DATASET SECTION section start

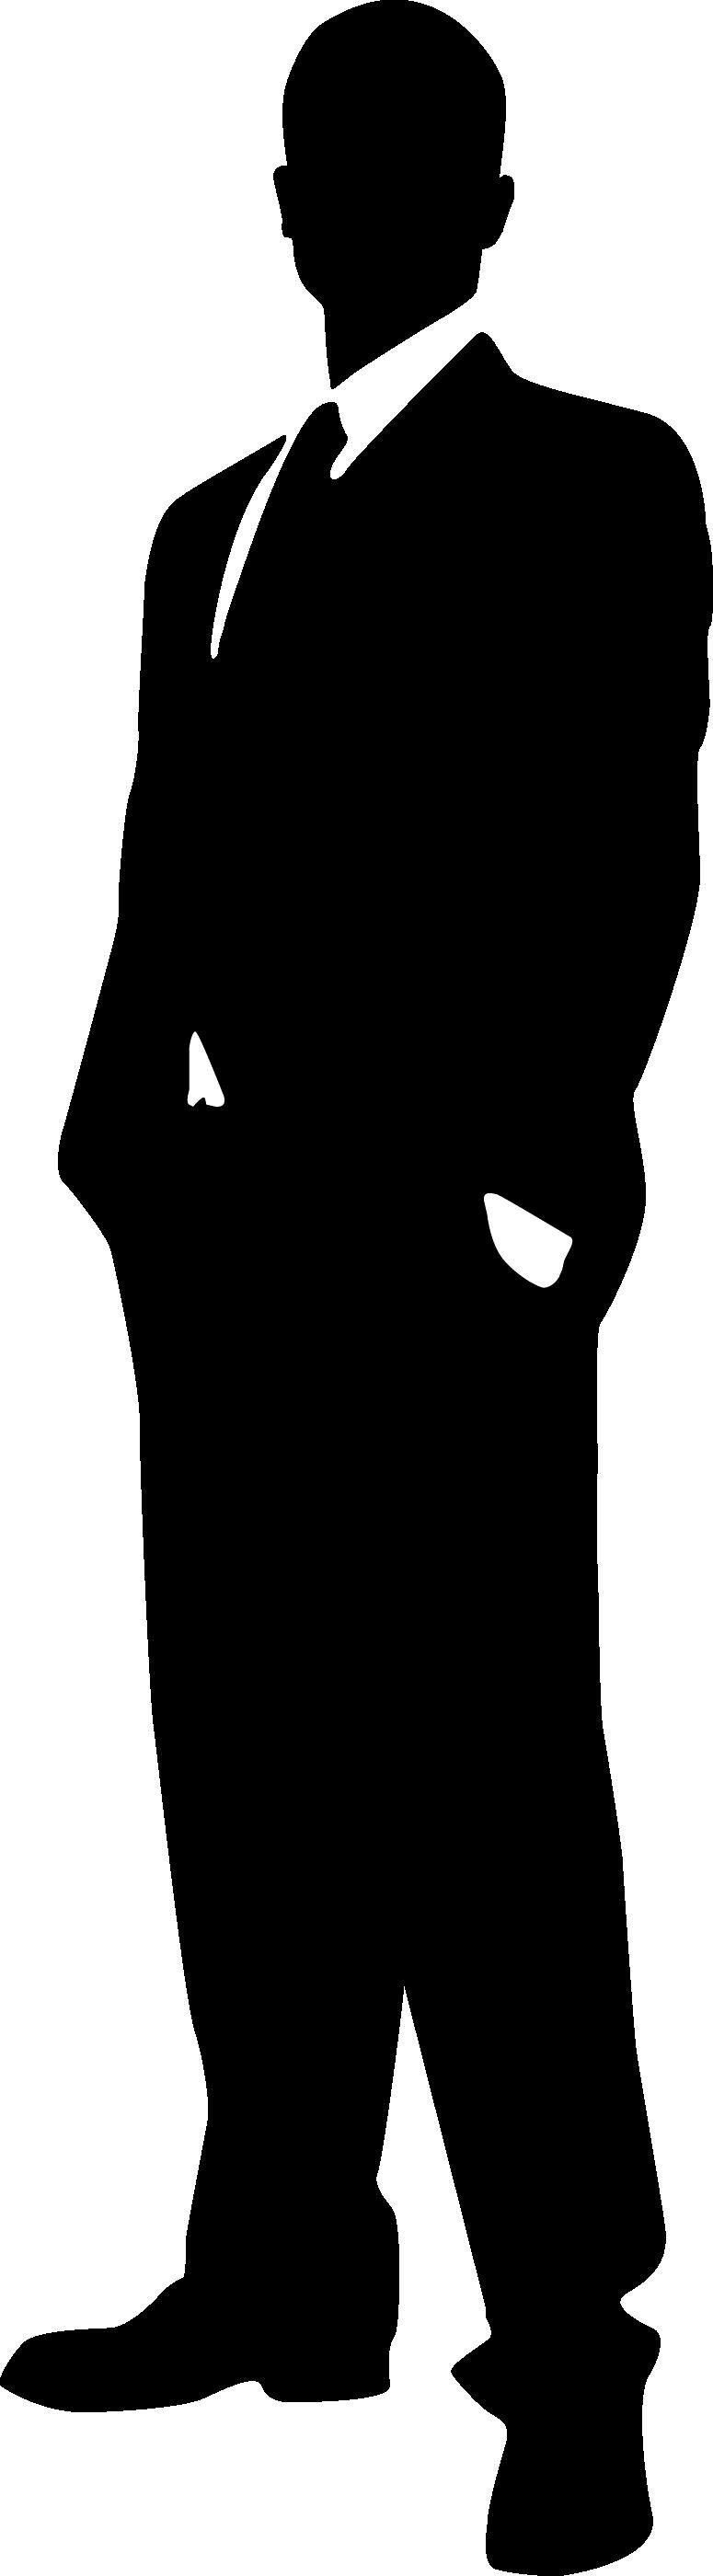 775x2800 Man Silhouette Clip Art
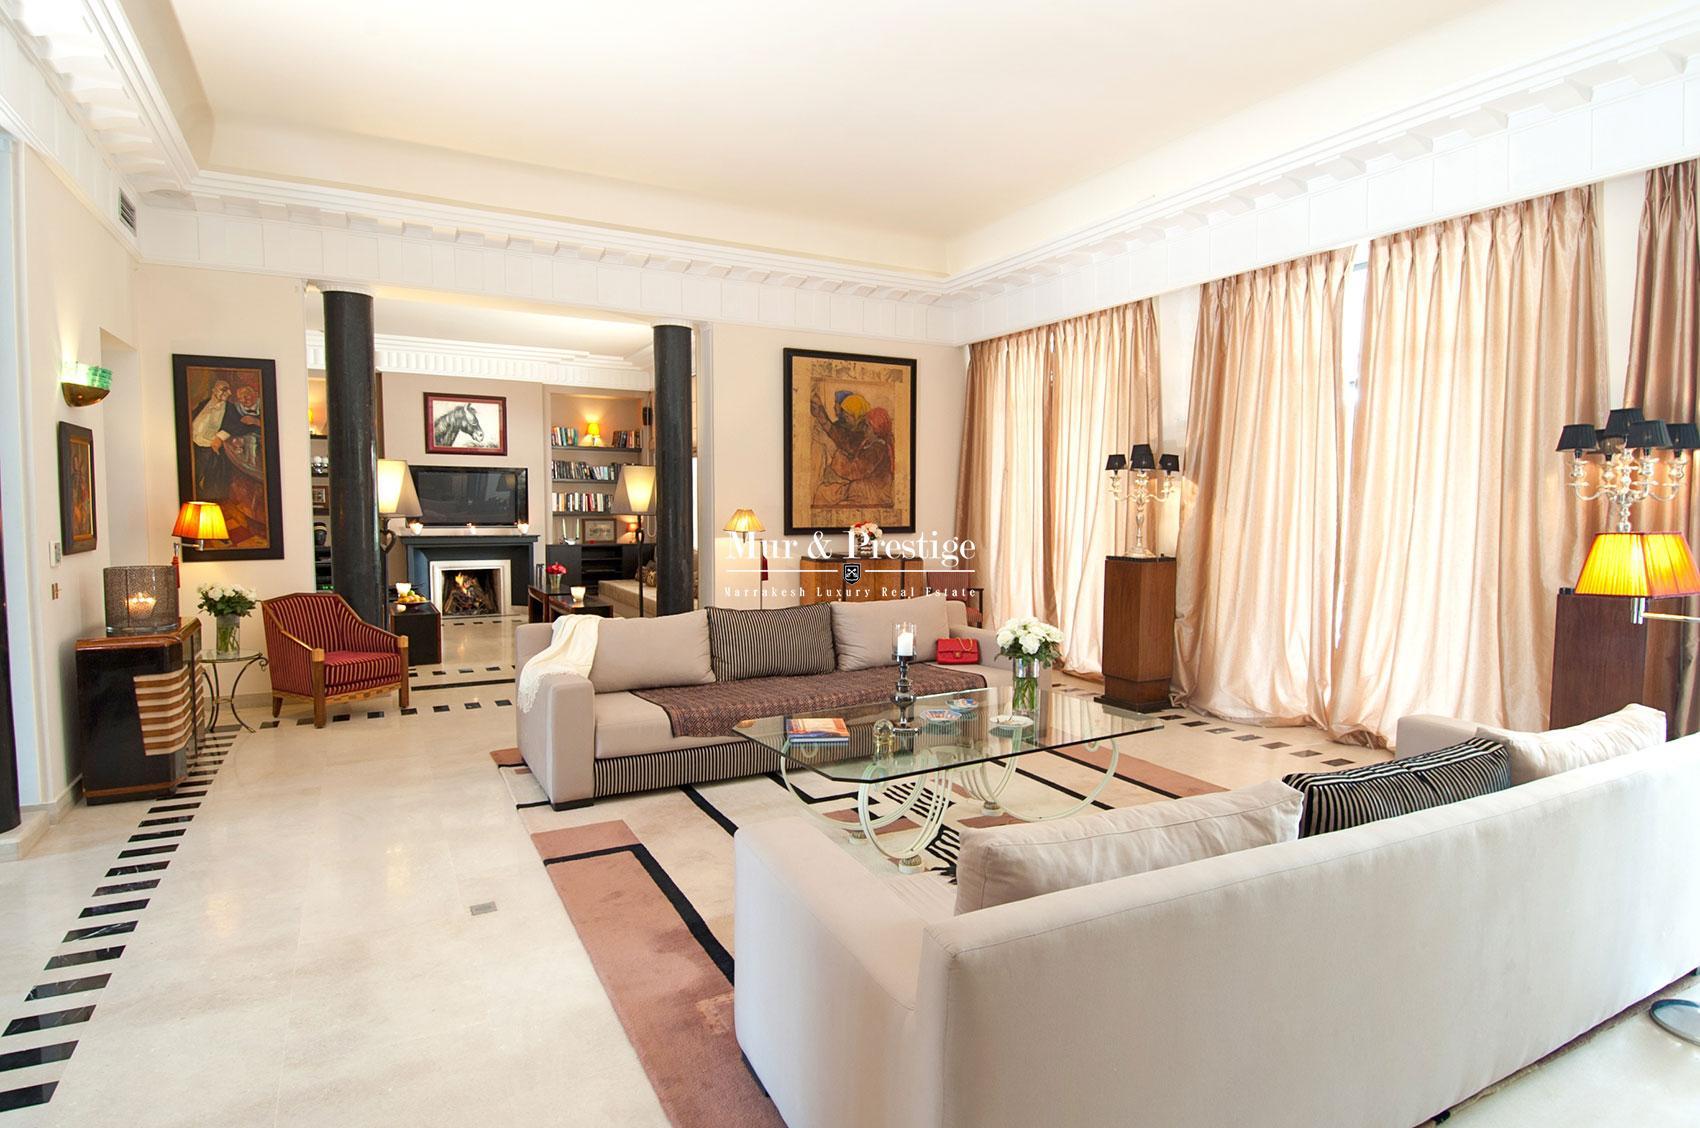 Achat de villa a Marrakech
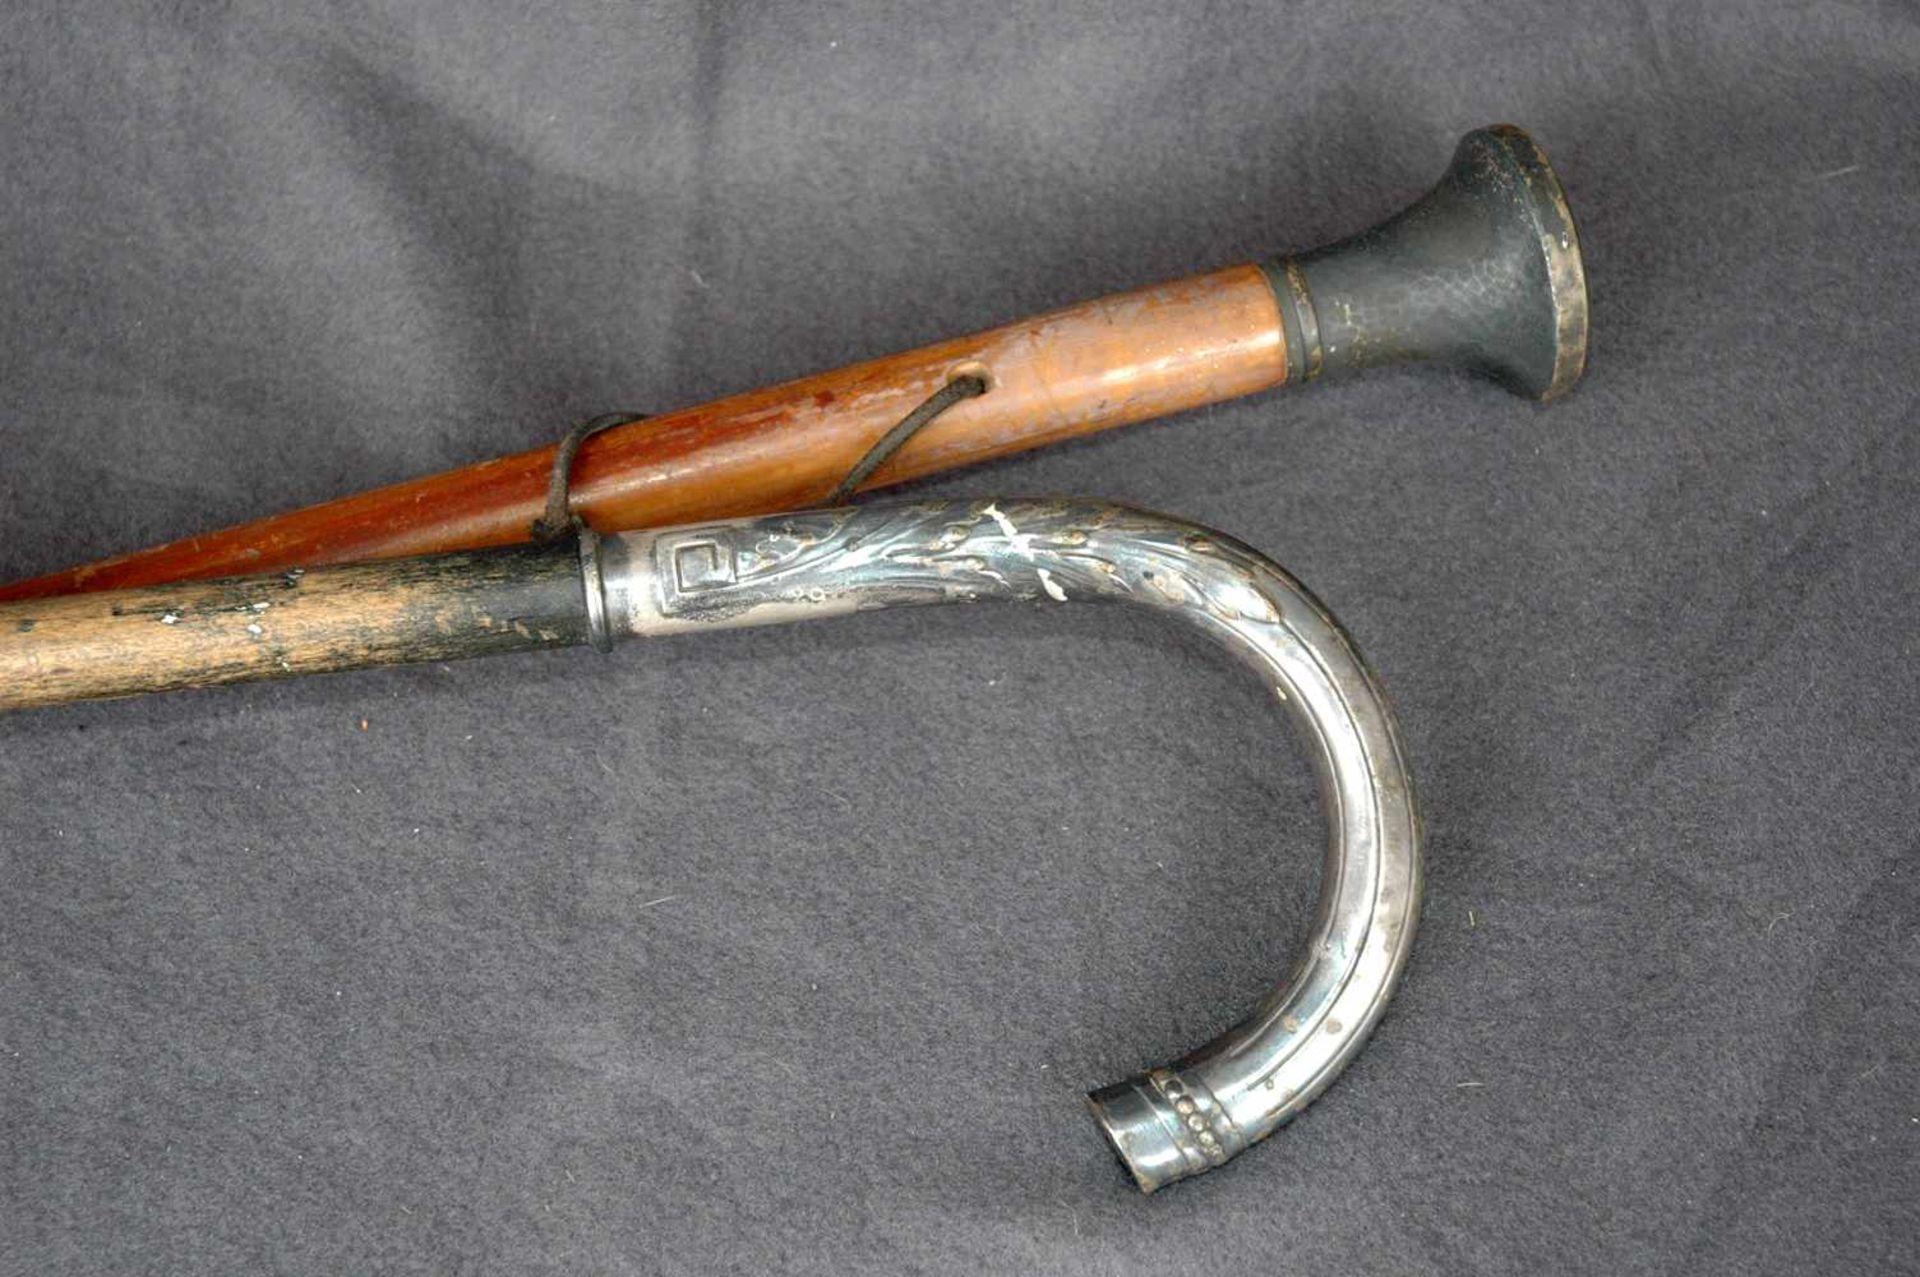 Zwei Spazierstöcke1= 800/- Silber-Knauf, l= 89 cm1= vermutlich versilbert, Ornament, l= 84 cm
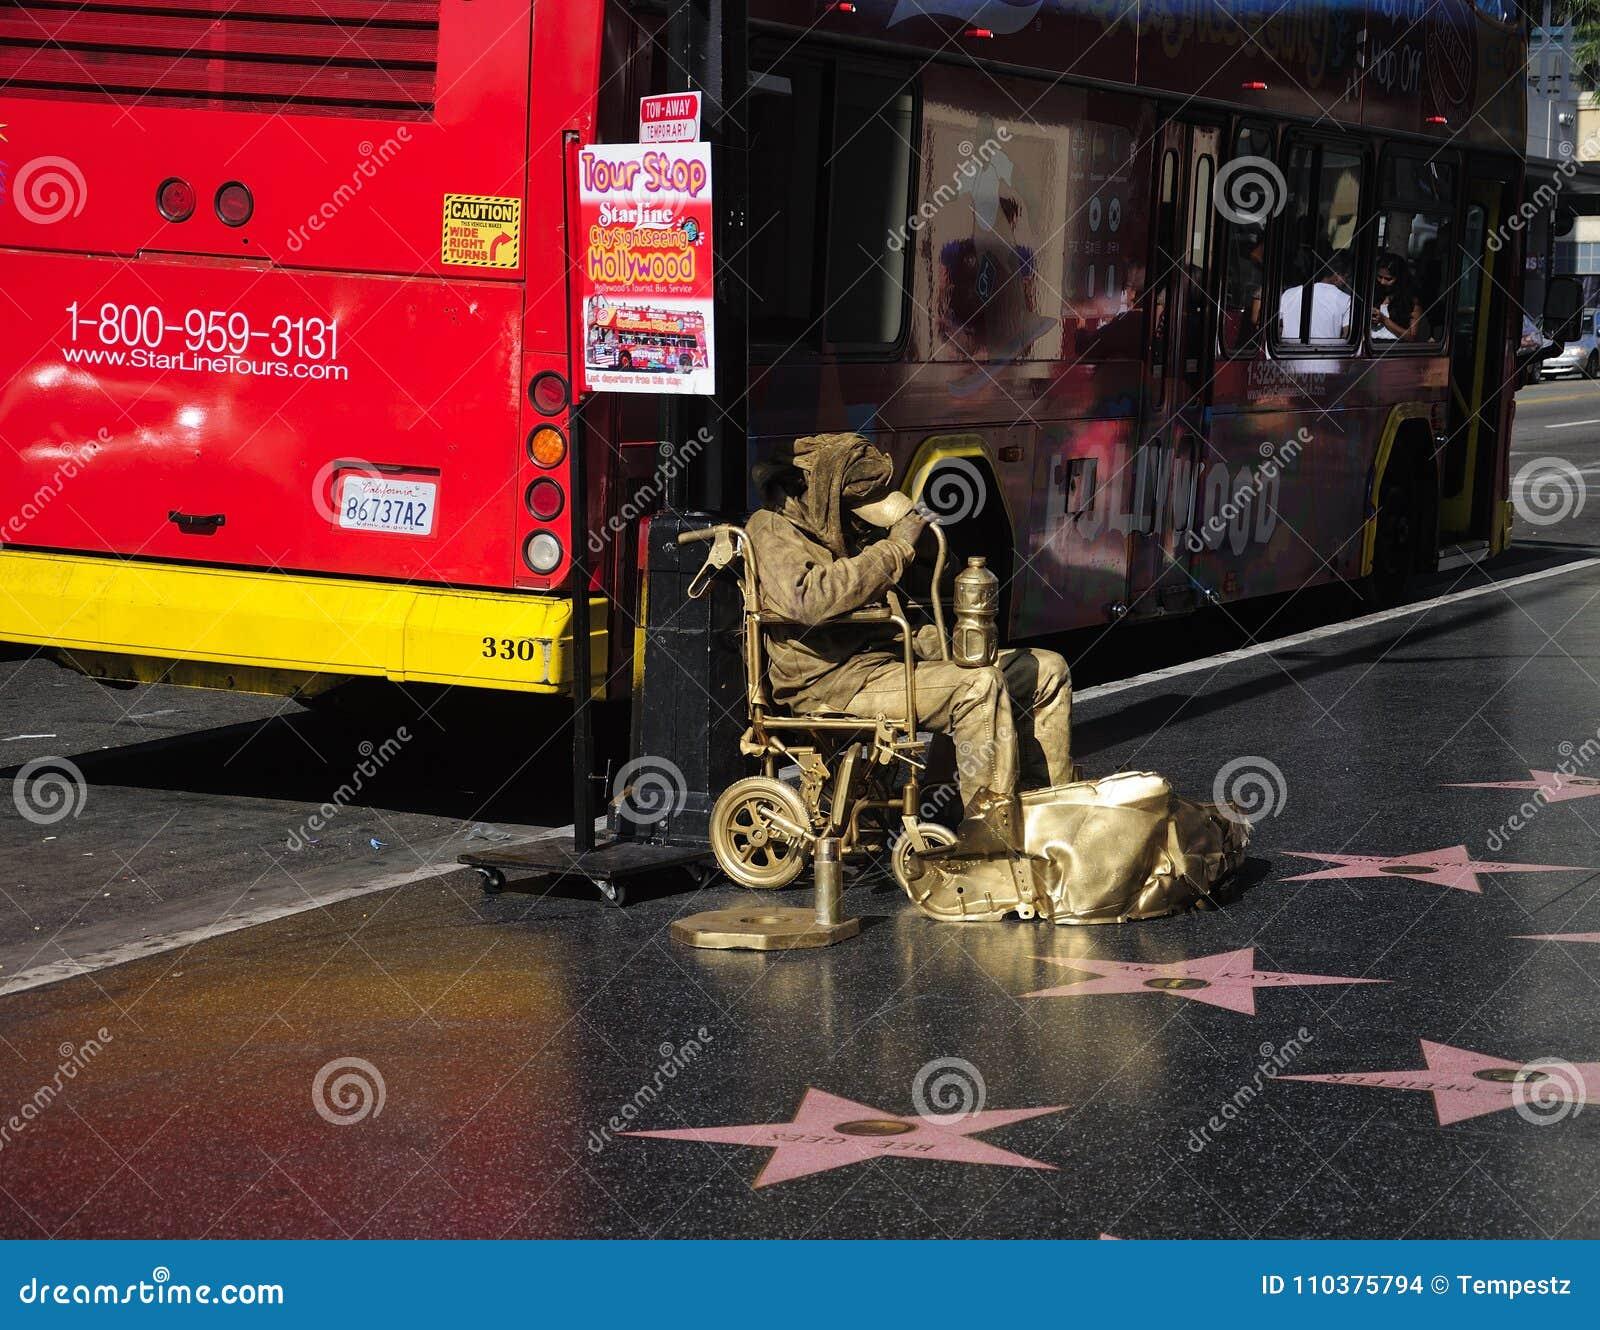 好莱坞星光大道金人洛杉矶

DATASET SECTION section end

■ **WHAT IS BEING ASKED**
From the line containing "Zwei Spazierstöcke1= 800/- Silber-Knauf, l= 89" through the last line of the listing, inclusive, transcribe every line exactly and nothing else; the pictures stay out.

■ **RESULT FOR THIS TASK**
 Zwei Spazierstöcke1= 800/- Silber-Knauf, l= 89 cm1= vermutlich versilbert, Ornament, l= 84 cm
 好莱坞星光大道金人洛杉矶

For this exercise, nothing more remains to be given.